··· Dataset content ···

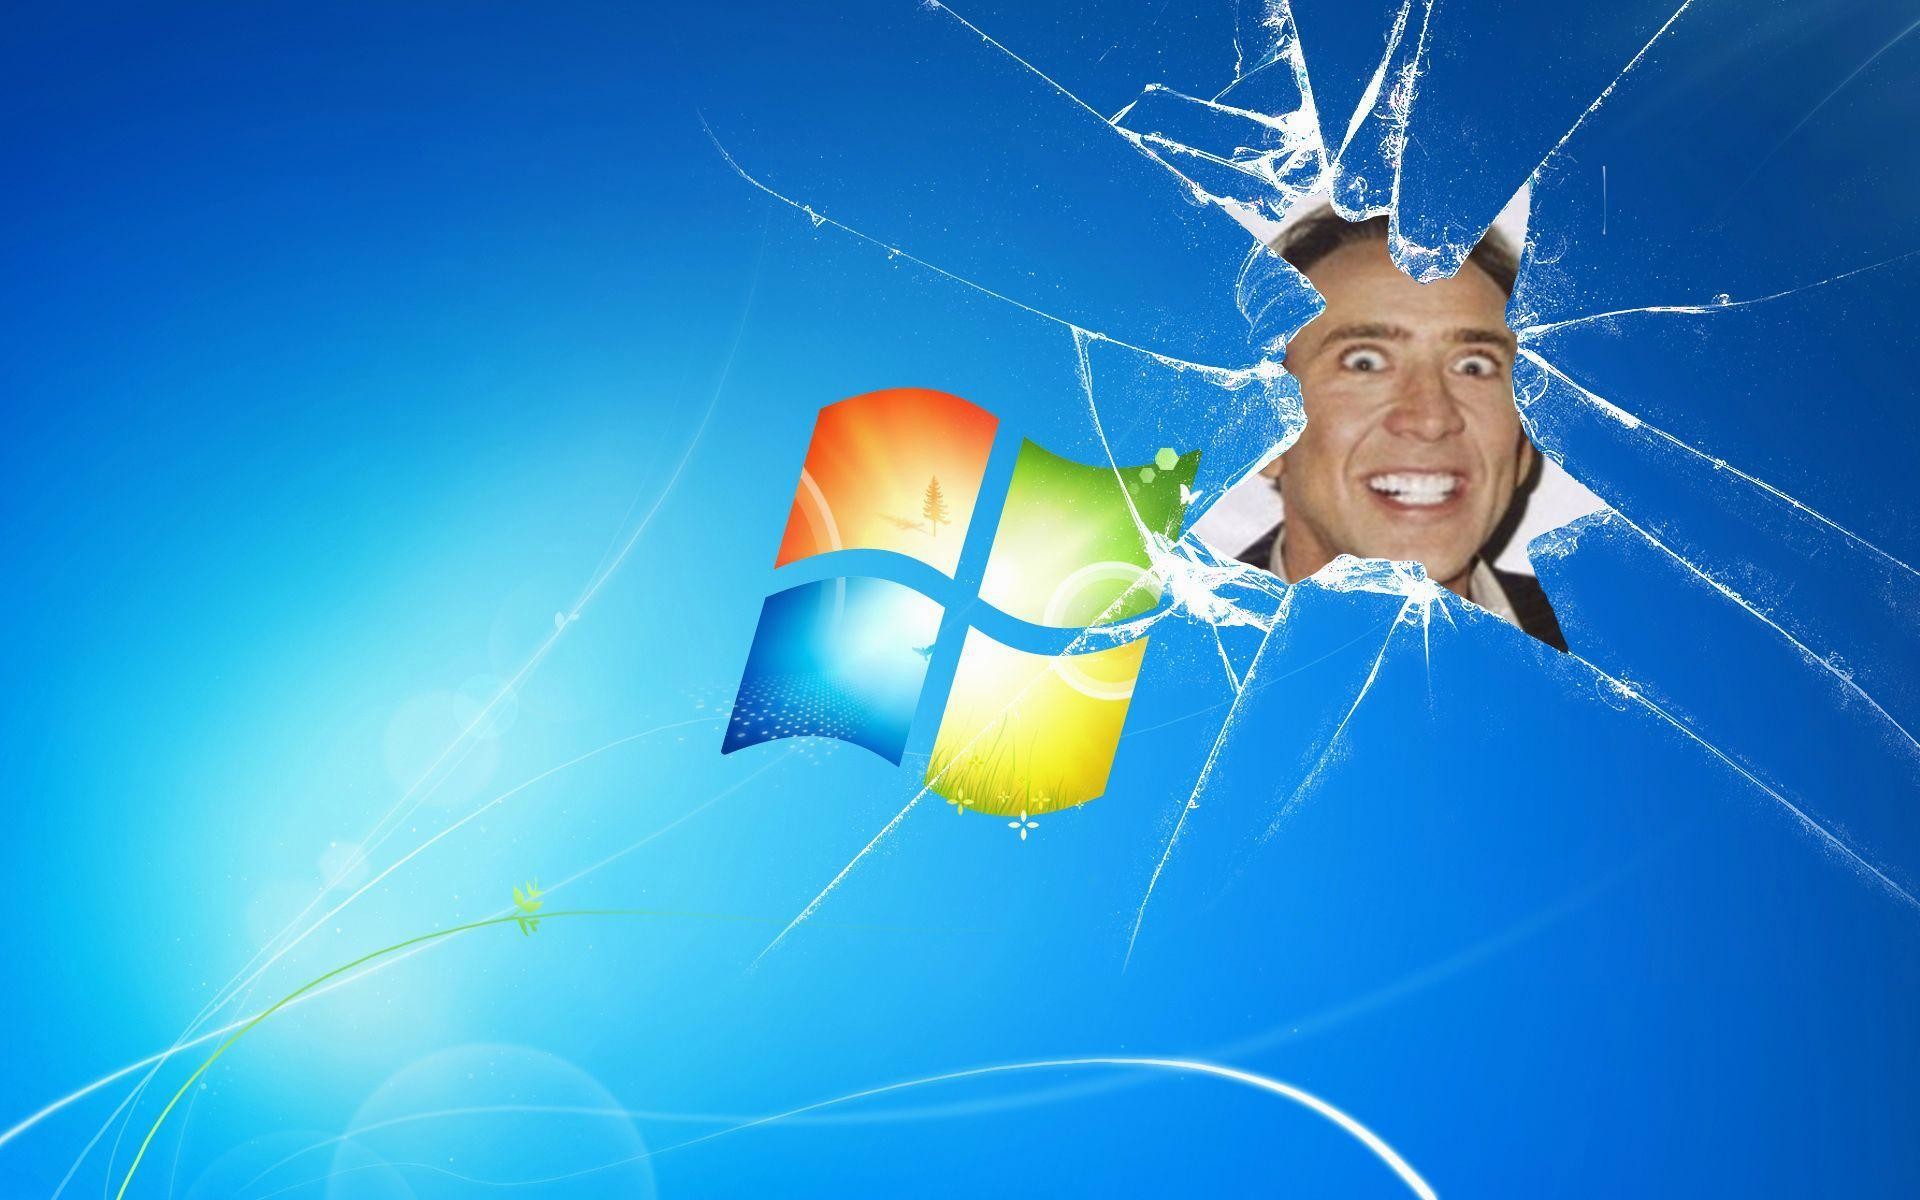 Wiki Free Meme Picture Download Pic Wpe006324 - Windows 7 Cracked Screen - HD Wallpaper 
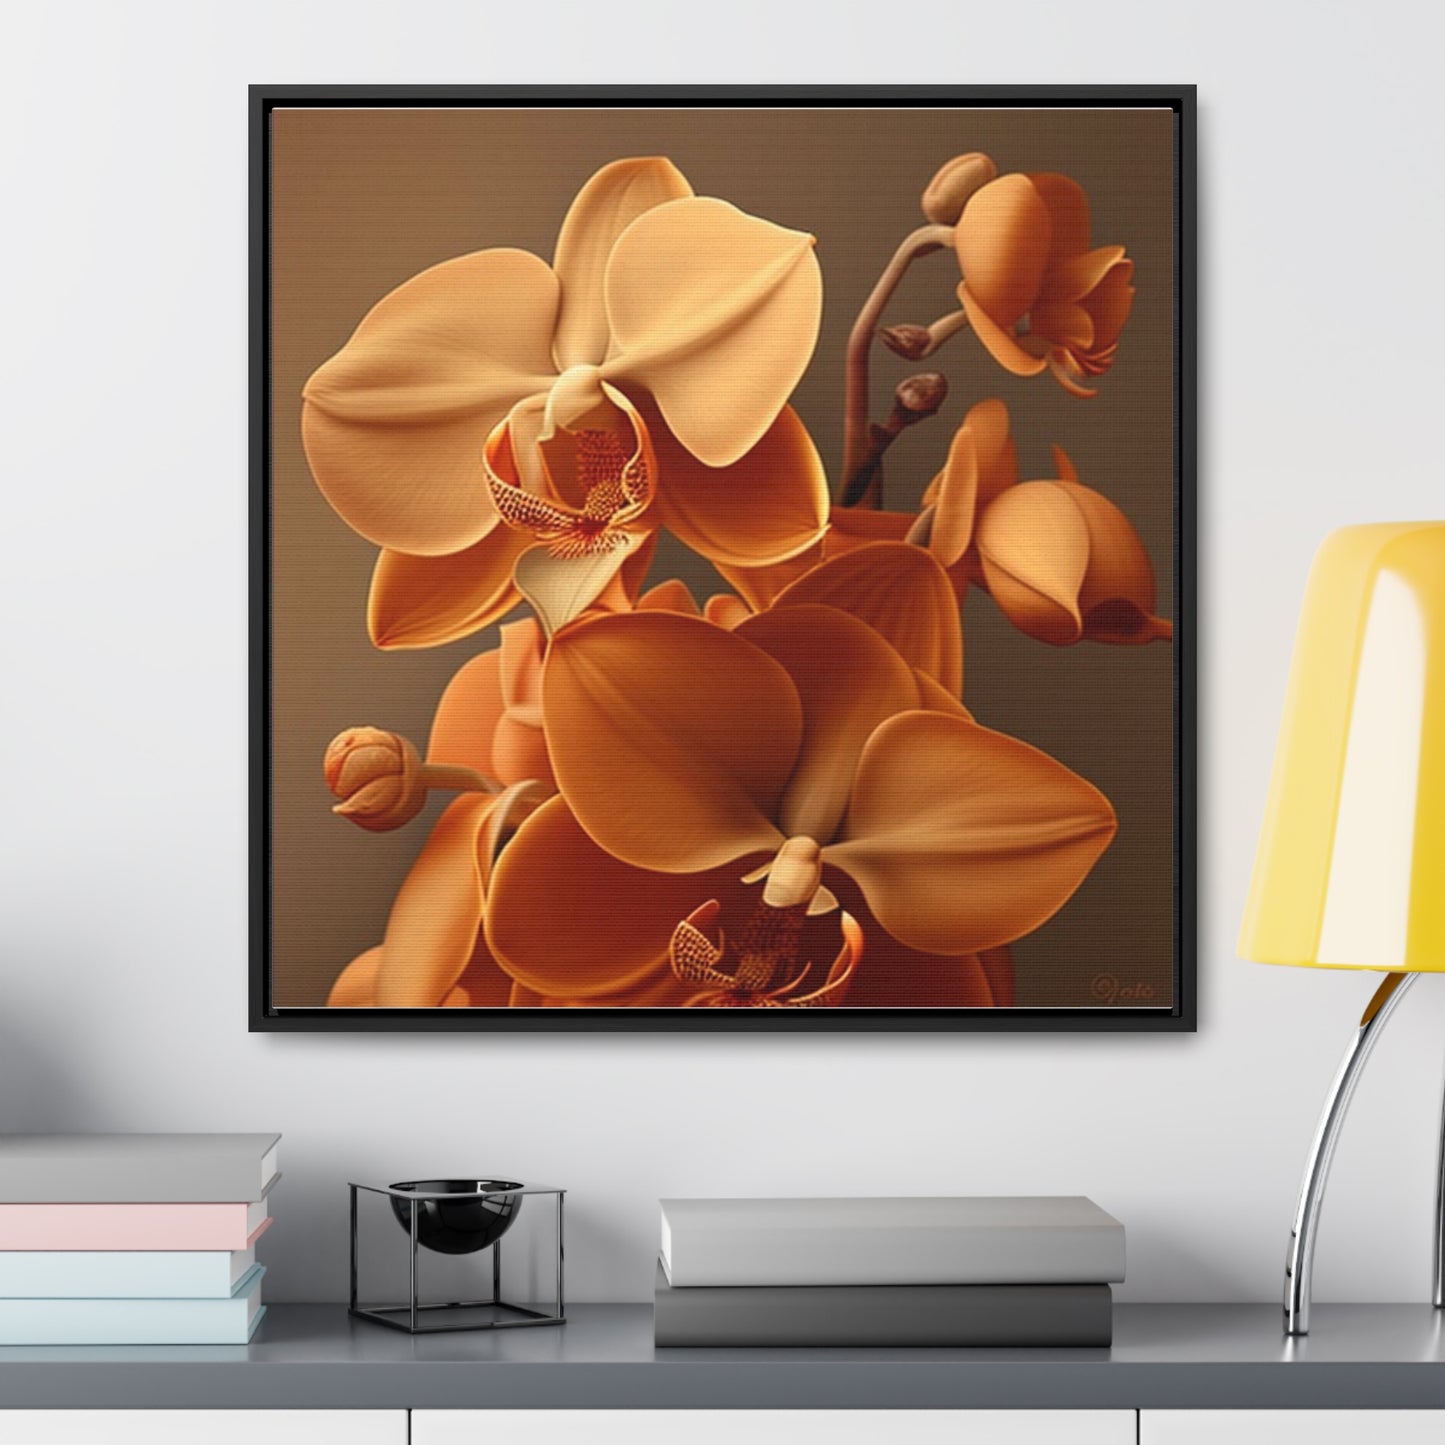 Gallery Canvas Wraps, Square Frame orchid pedals 4
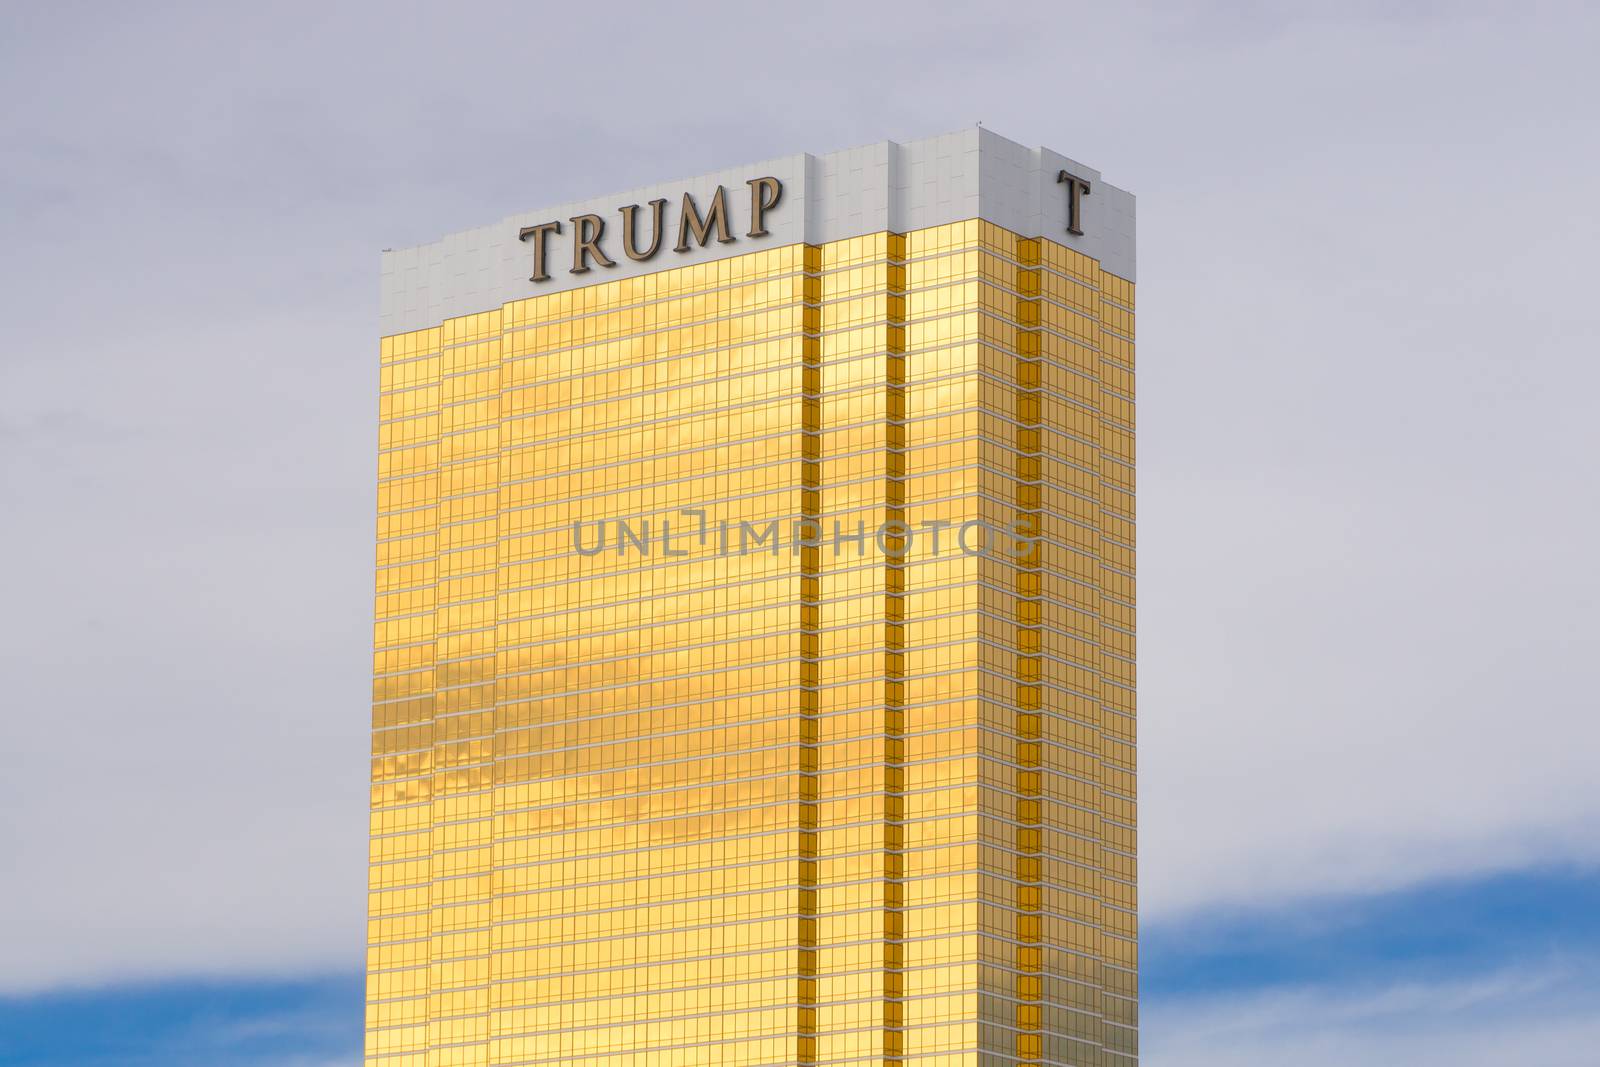 LAS VEGAS, NV/USA - FEBRUARY 14, 2016: The Trump Hotel Las Vegas timeshare and hotellocated on the Las Vegas Strip. The Trump is named after businessman, celebrity and politician Donald Trump.
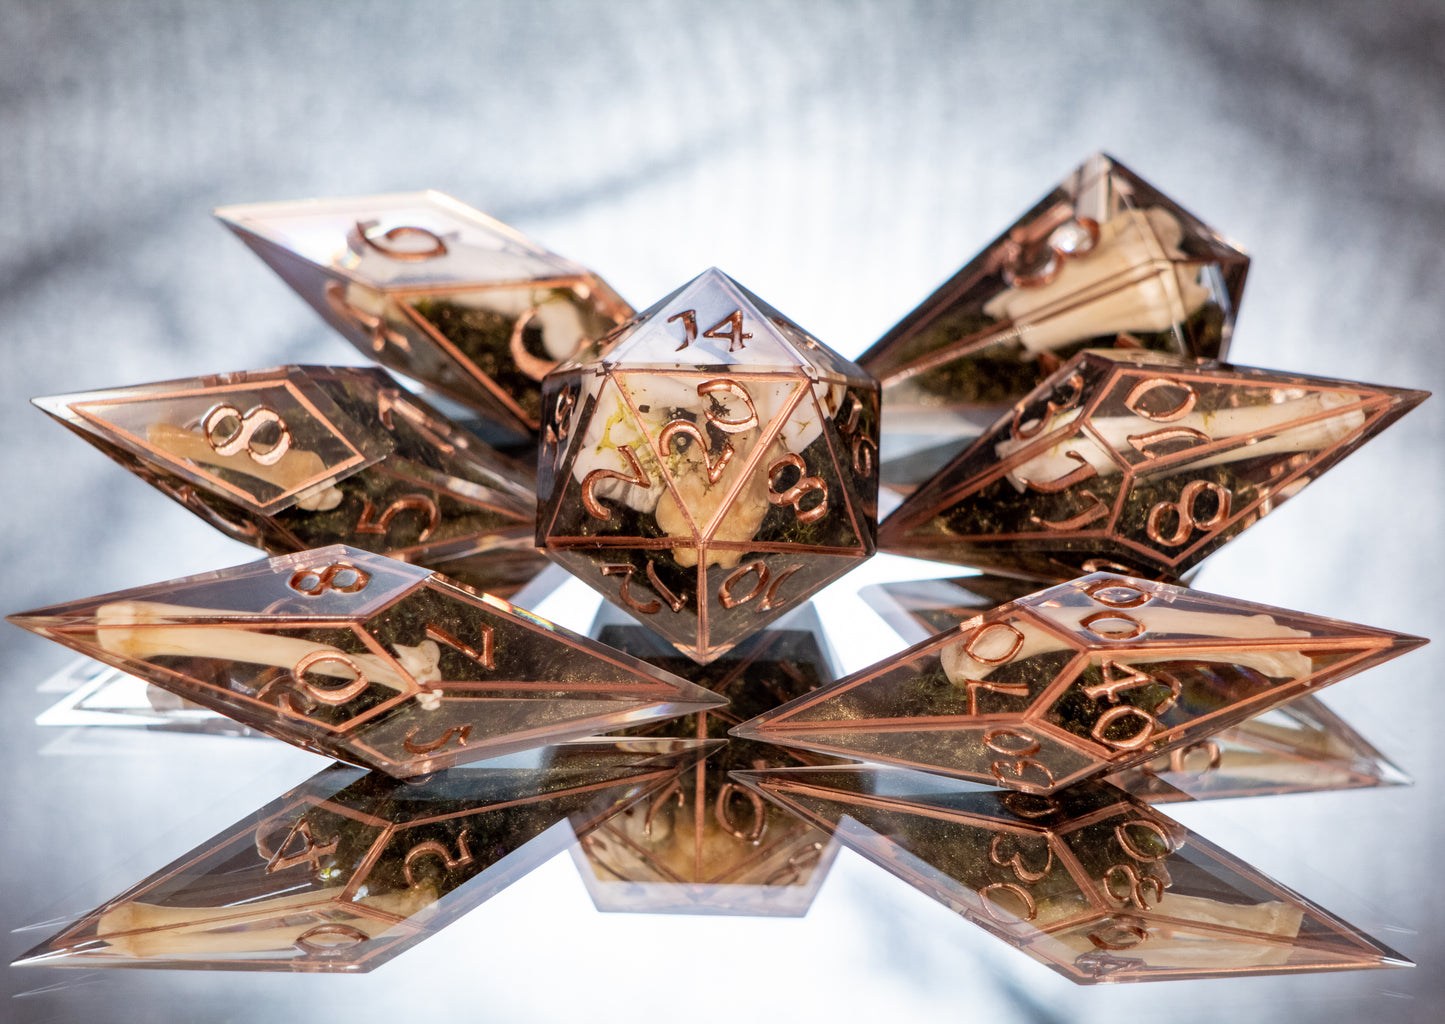 All That Remains- Sharp 7 Piece Handmade Resin Dice

···

**Problem details**
Copy out all the data above exactly, minus the images.

**Response box**
 Wiki Free Meme Picture Download Pic Wpe006324 - Windows 7 Cracked Screen - HD Wallpaper 
 Gallery Canvas Wraps, Square Frame orchid pedals 4
 LAS VEGAS, NV/USA - FEBRUARY 14, 2016: The Trump Hotel Las Vegas timeshare and hotellocated on the Las Vegas Strip. The Trump is named after businessman, celebrity and politician Donald Trump.
 All That Remains- Sharp 7 Piece Handmade Resin Dice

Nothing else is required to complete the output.